== Segment start ==

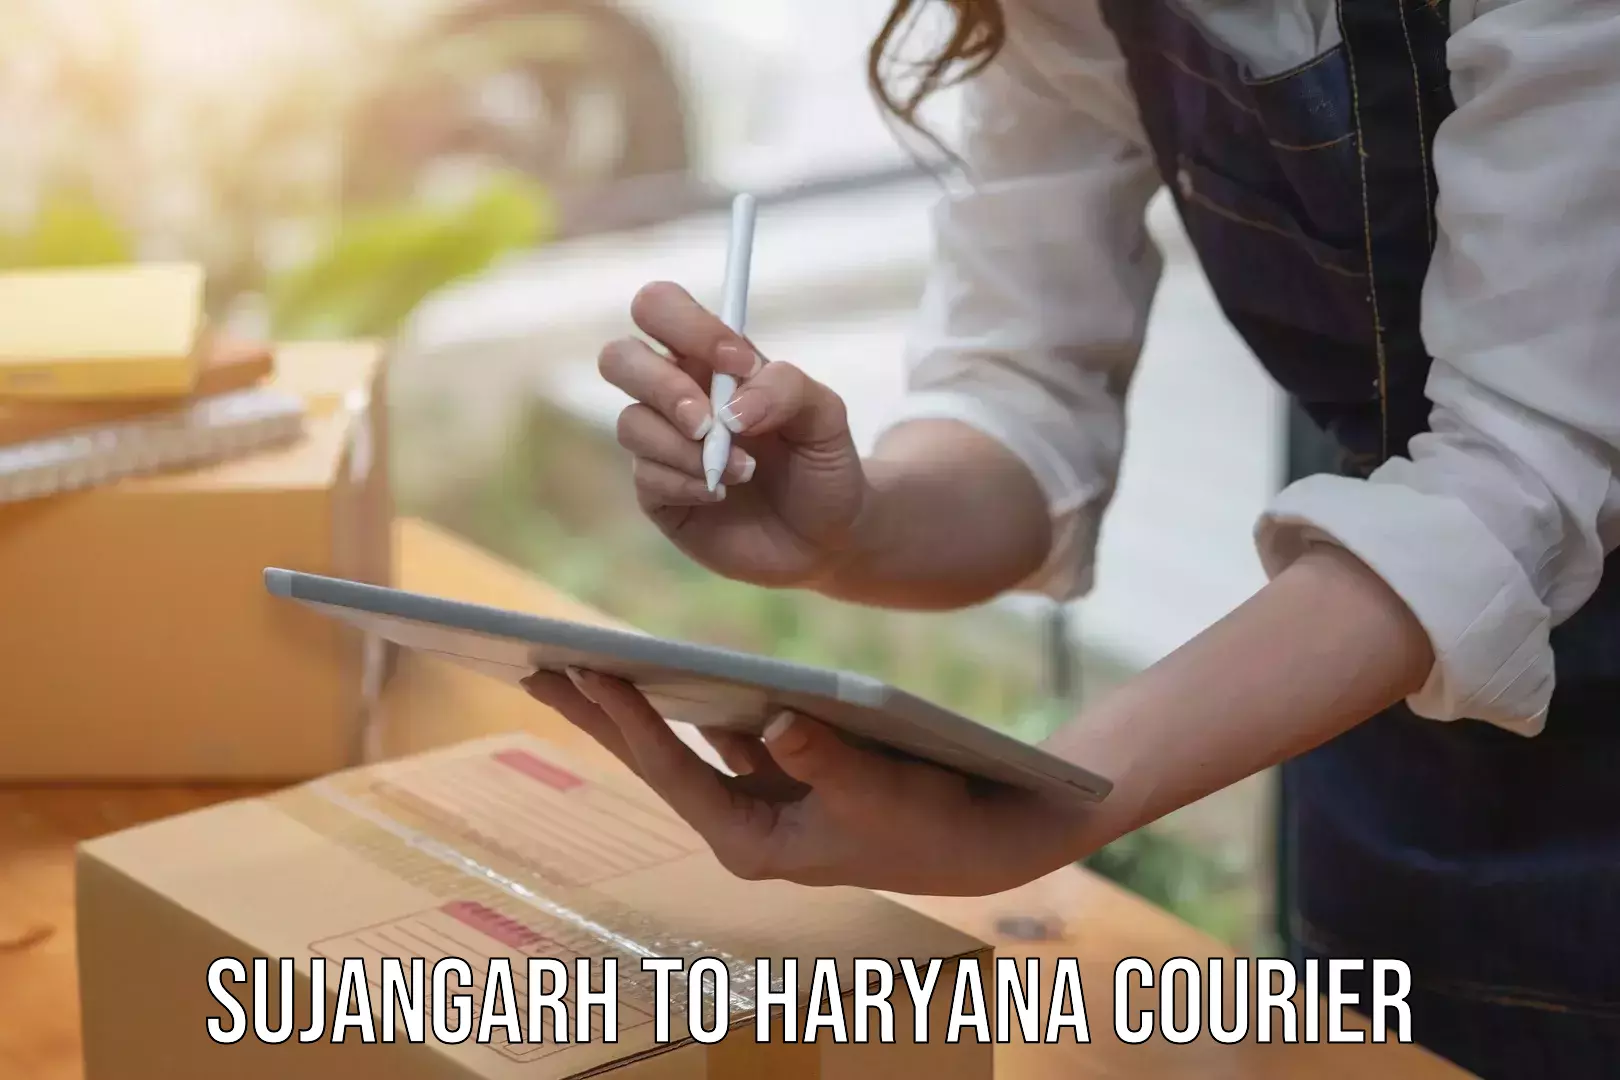 Courier insurance Sujangarh to Haryana
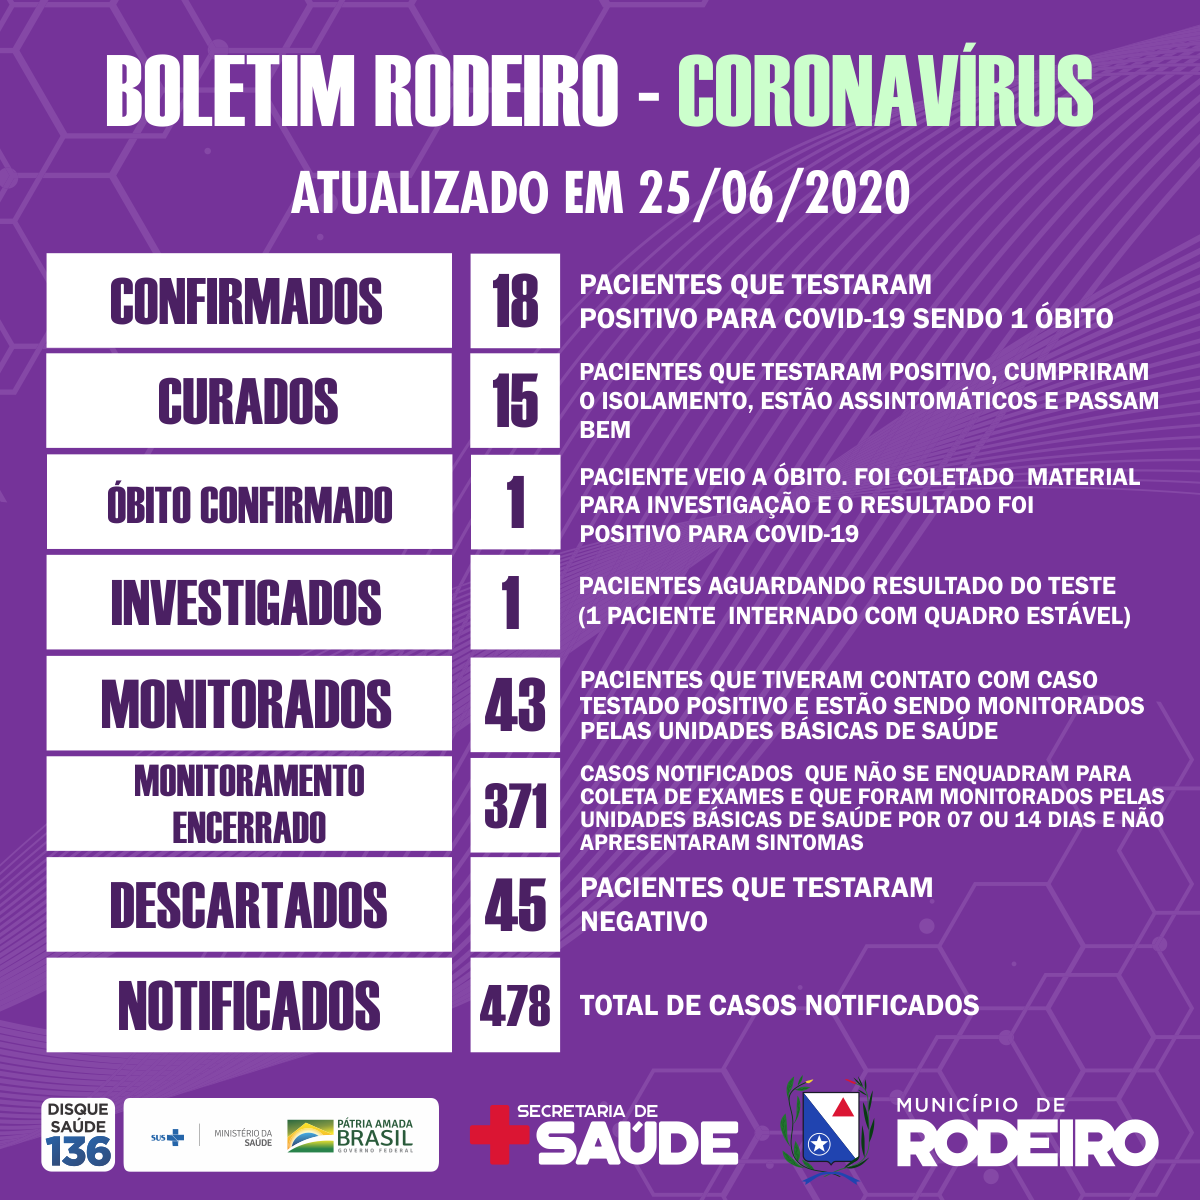 Boletim epidemiológico do Município de Rodeiro coronavírus, atualizado em 25/06/2020
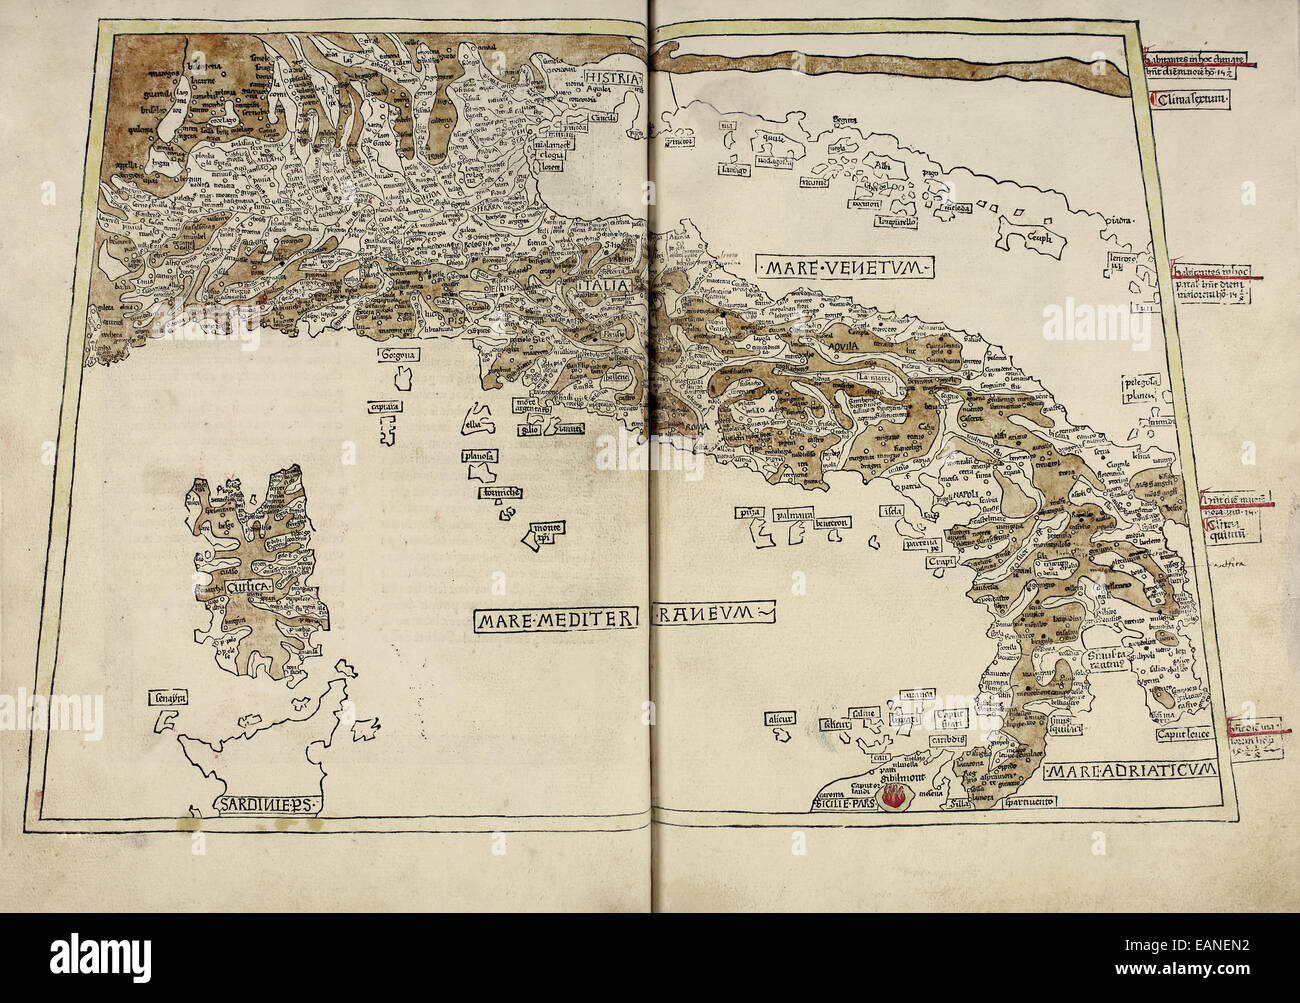 Karte von Italien & Korsika von "Cosmographia" von Claudius Ptolemäus (Ptolemaeus) (90-168AD). Siehe Beschreibung für mehr Informationen. Stockfoto

== Segment end ==

:: Directions ::
Copy out all the data exactly. The images should not appear in the copy.

:: Solution to this task ::
 Courier insurance Sujangarh to Haryana
 Boletim epidemiológico do Município de Rodeiro coronavírus, atualizado em 25/06/2020
 Karte von Italien & Korsika von "Cosmographia" von Claudius Ptolemäus (Ptolemaeus) (90-168AD). Siehe Beschreibung für mehr Informationen. Stockfoto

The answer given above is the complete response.